Everything from the line with "Mia Malkova - Mia" through the last line of the data below should be copied exactly, apart from the pictures.

■ Input data ■
*** Block opens ***
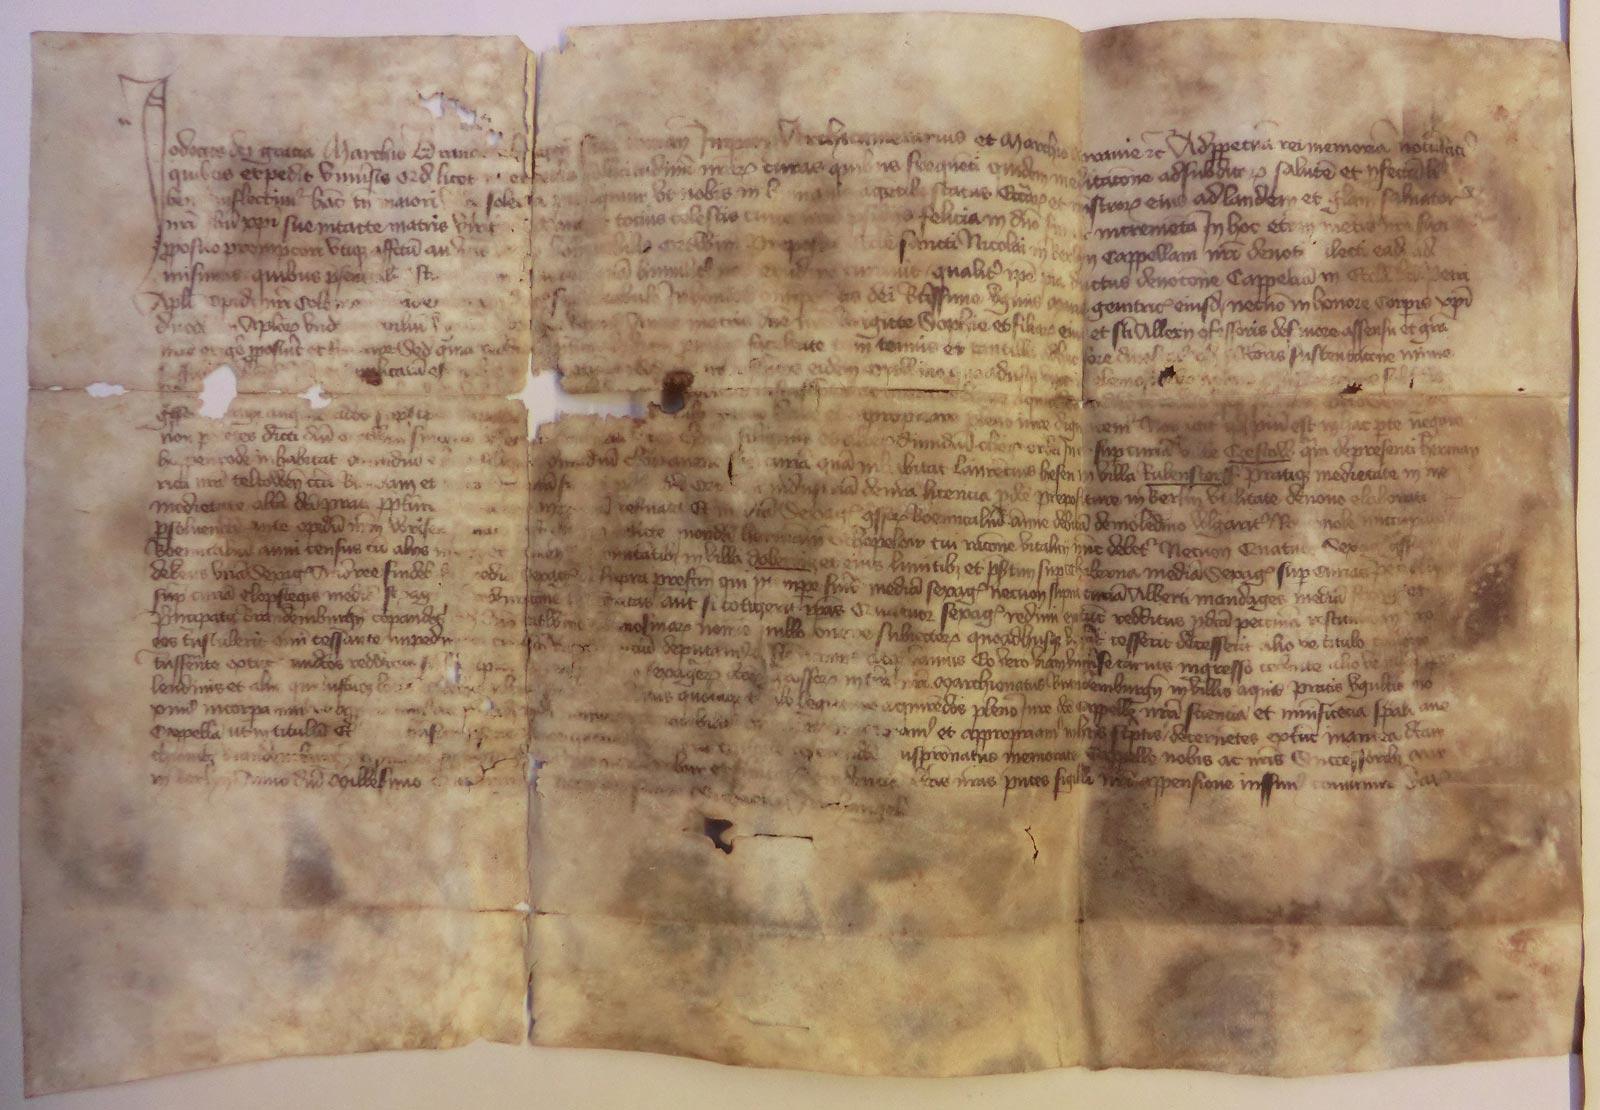 Ältestes Dokument des Domarchivs: Urkunde Markgraf Josts vom 29.09.1409 über die Stiftung einer Kapelle in der Petrikirche Cölln (Bestand 9, Nr.10).
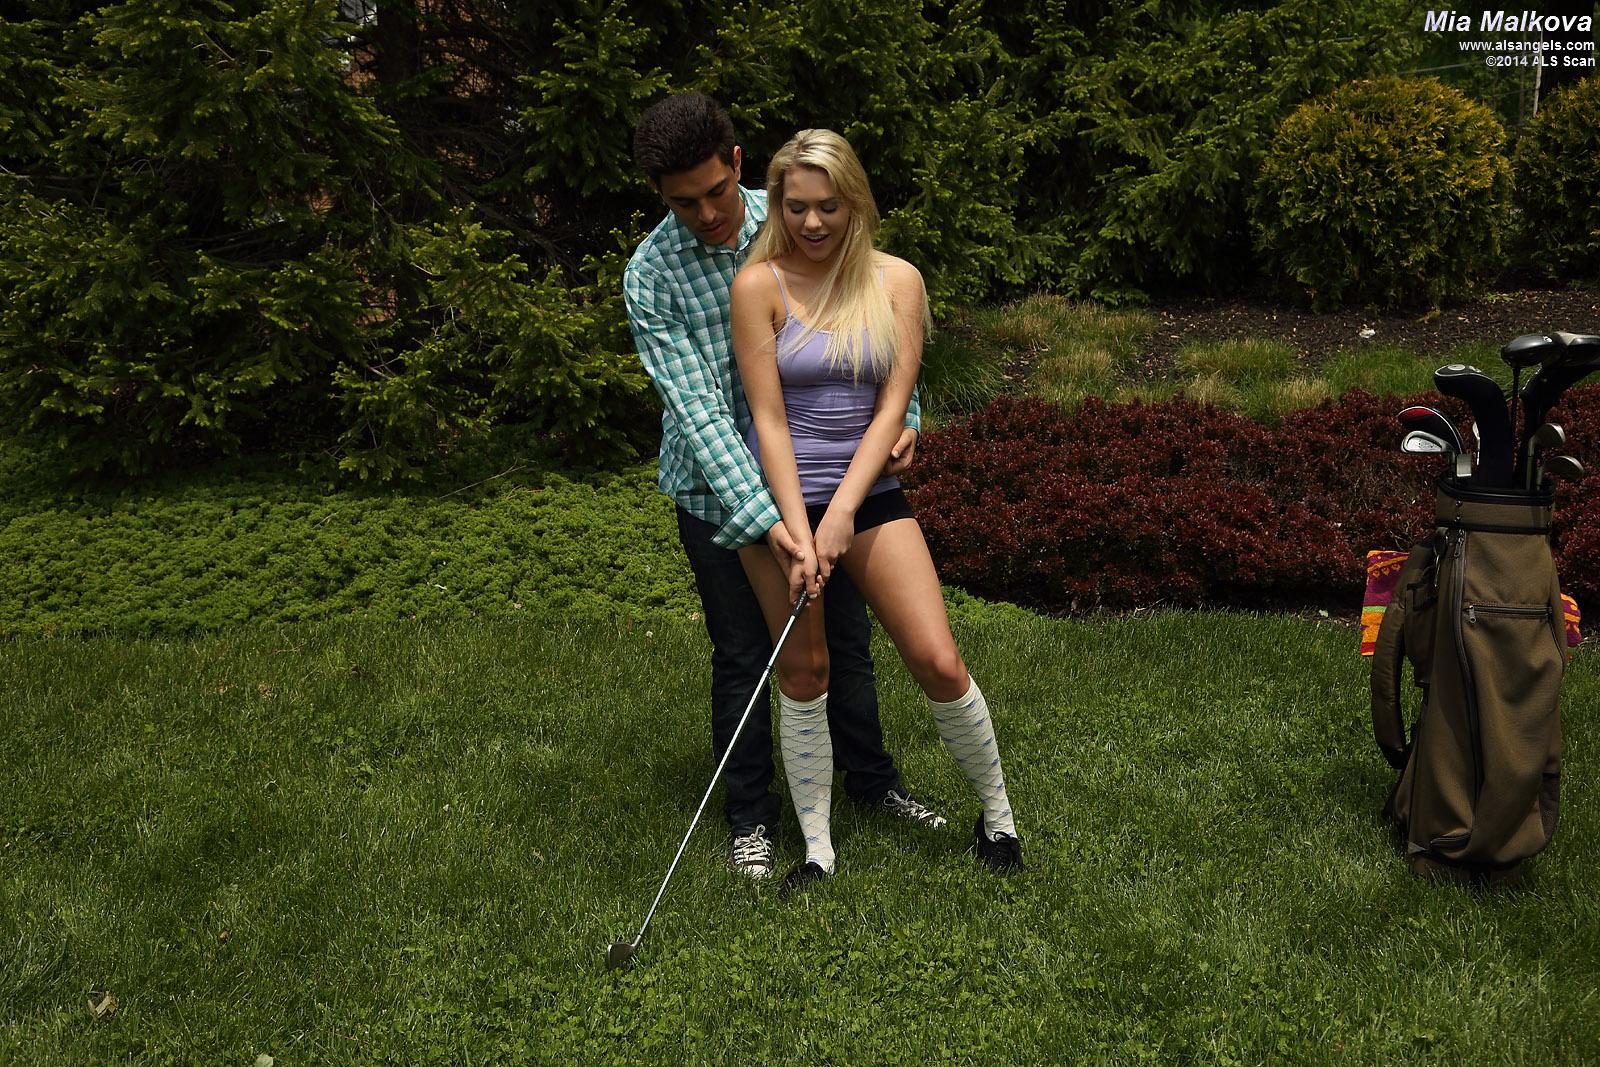 Mia Malkova - Mia Malkova Gets Naked for Her Golf Coach
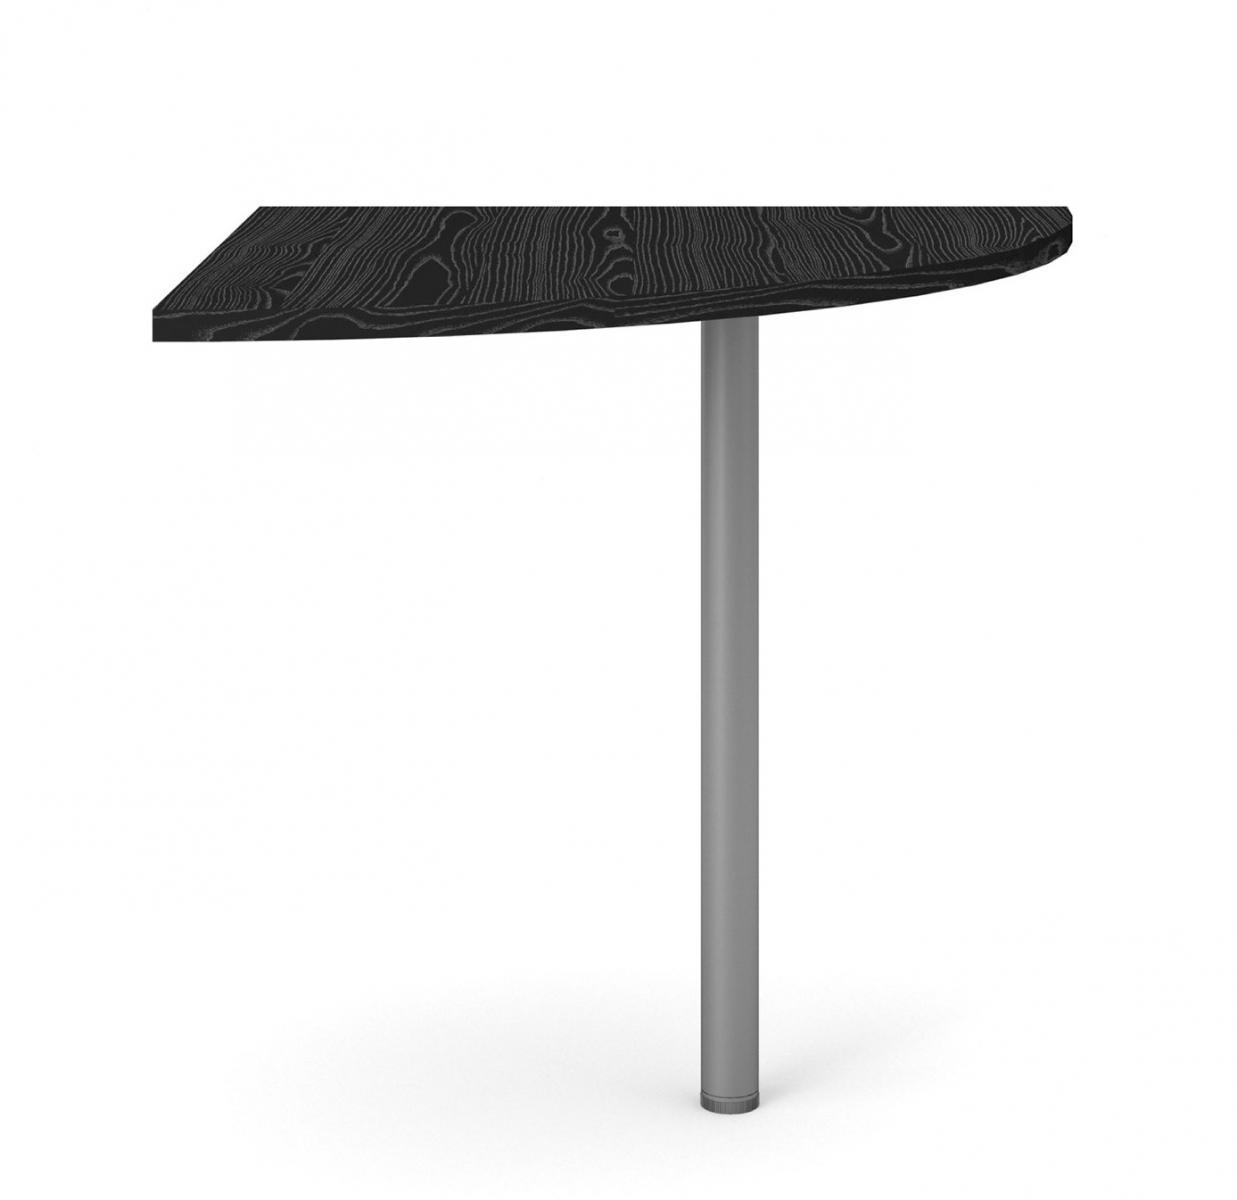 Rohový díl ke stolu Office 458 černá/silver grey
*** Block closes ***
■ Result of this task ■
 Mia Malkova - Mia Malkova Gets Naked for Her Golf Coach
 Rohový díl ke stolu Office 458 černá/silver grey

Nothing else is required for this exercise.